Thinking about containerization there are some questions that come up in my mind that demand for answers, paired with the surprised observation that many others seem not to have identified these questions as important enough to be considered. These are questions about single fields such as building and running but also about the larger picture of a combined workflow.

One of these questions is the one of updates. Remember the dark ages before Linux distributions became popular, when we grabbed and compiled software ourselves? Back then the main reasons were that you actually had to go collect all that software over slow links and what not, get the dependencies right and compilation literally took days.

Nowadays it seems en vogue to bash on distributions ([1], [2], [3]). Some distributions (eg. Debian) are said to ship “outdated” software only and addressing different distributions and their differences has become that much of a pain apparently that solutions such as FPM and Omnibus turned up, allowing them to just do the job themselves and ship what used to be system components such as OpenSSL.

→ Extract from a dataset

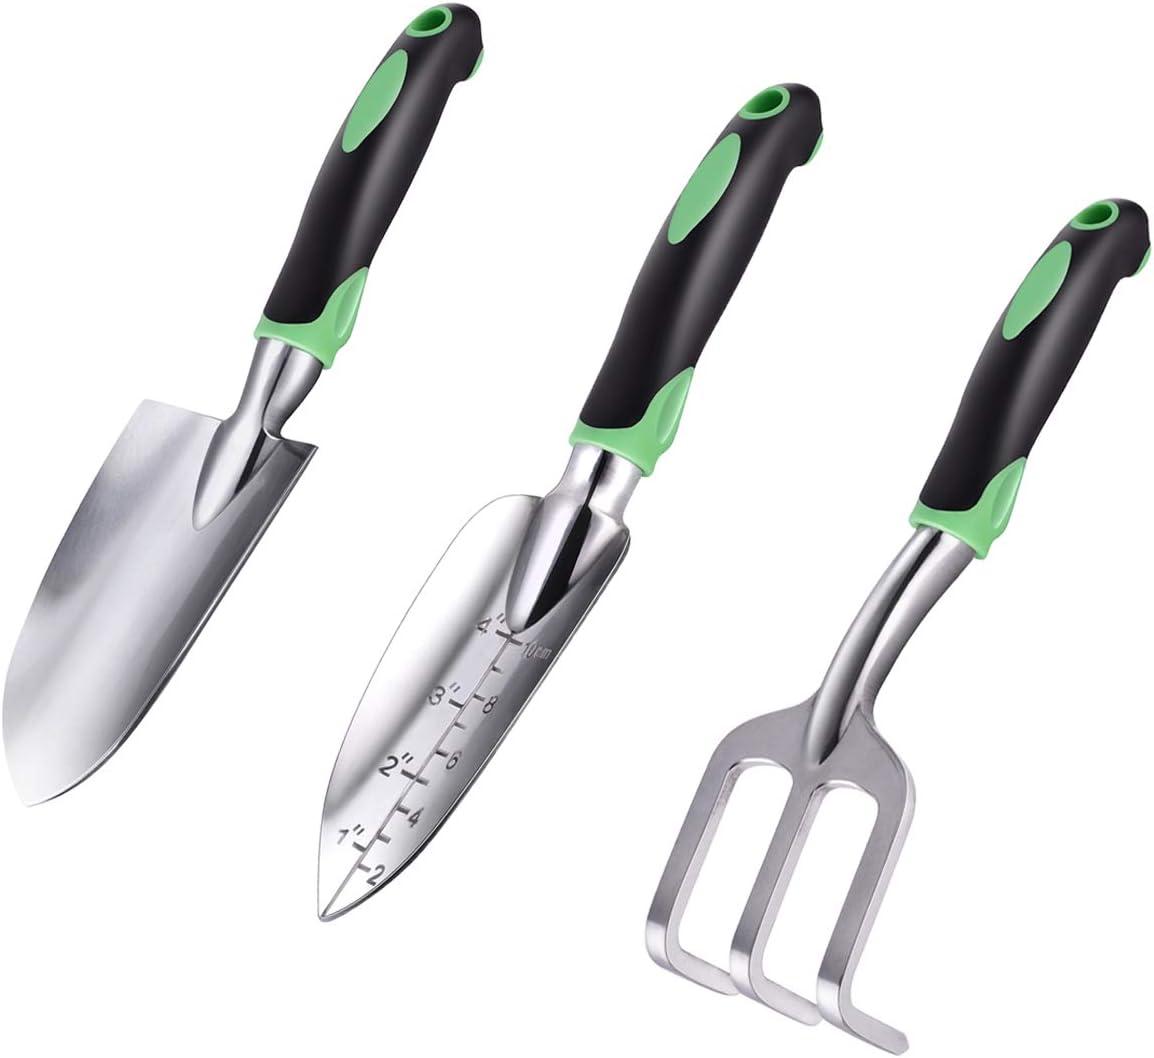 ZUZUAN Garden Tool Set, 3 Pack Garden Hand Shovels Aluminum Alloy Garden Trowels with Ergonomic Rubberized Non-Slip Grip, Included Trowel, Transplant Trowel and Cultivator Hand Rake : Garden & Outdoor

Containers are not a direct children of this movement but they unquestionably bear some of the same implications. Containers as seen with Docker et al. basically reflect compiled executables: there is a source (the Dockerfile) and a generated binary (the container image) that can not be regenerated without the source. Meaning that without access to that source, the container image can not be rebuilt.

Now if I were an Ops guy, I would not sweat that much when another OpenSSL update is being released. After all, deploying updates would be part of my daily job. I would sweat if I were responsible for minimizing the attack surface in my company and see that a particular vulnerability is fixed. In the past, responsibilities were clearly divided in that the Ops guys took care of the base distribution and apply security fixes. Yes, always assuming that this would not break the application which, in my naiveness, I assume to hold true for most security fixes (otherwise kick your local $DISTRO account manager).

Nowadays I can’t rebuild the container to include the security fix unless I get access to the Dockerfile. Yes, I could generate a new image based on that image but that sort of defeats one of the core ideas of the containerization movement, rebuilding container images instead of granting them a maintenance lifecycle of their own (“cattle, not pets”).

And the problem actually gets more complex than with the “One big fat RPM to rule them all” concept because containers can build upon other containers. So if I rebuild my base container image, I have to deduce what others containers depend on that base image and rebuild them as well.

You would think that there were a possibility to get the dependencies of your local container images nicely laid out. Well, there was: docker images viz, but guess what? That was considered deprecated and removed in newer Docker versions. Nowadays you’d have to run a special container image to get what could be considered essential management functionality. Yay for Docker!

So eventually it turns out (and yes, I know many of you already knew that) that Docker by itself at least is fine for development. But not for real-world production scenarios. And no, CoreOS, Mesos, Kubernetes et al. won’t help me here either. All I’m trying is to solve the “how to keep my containers up-to-date” Problem on a single node!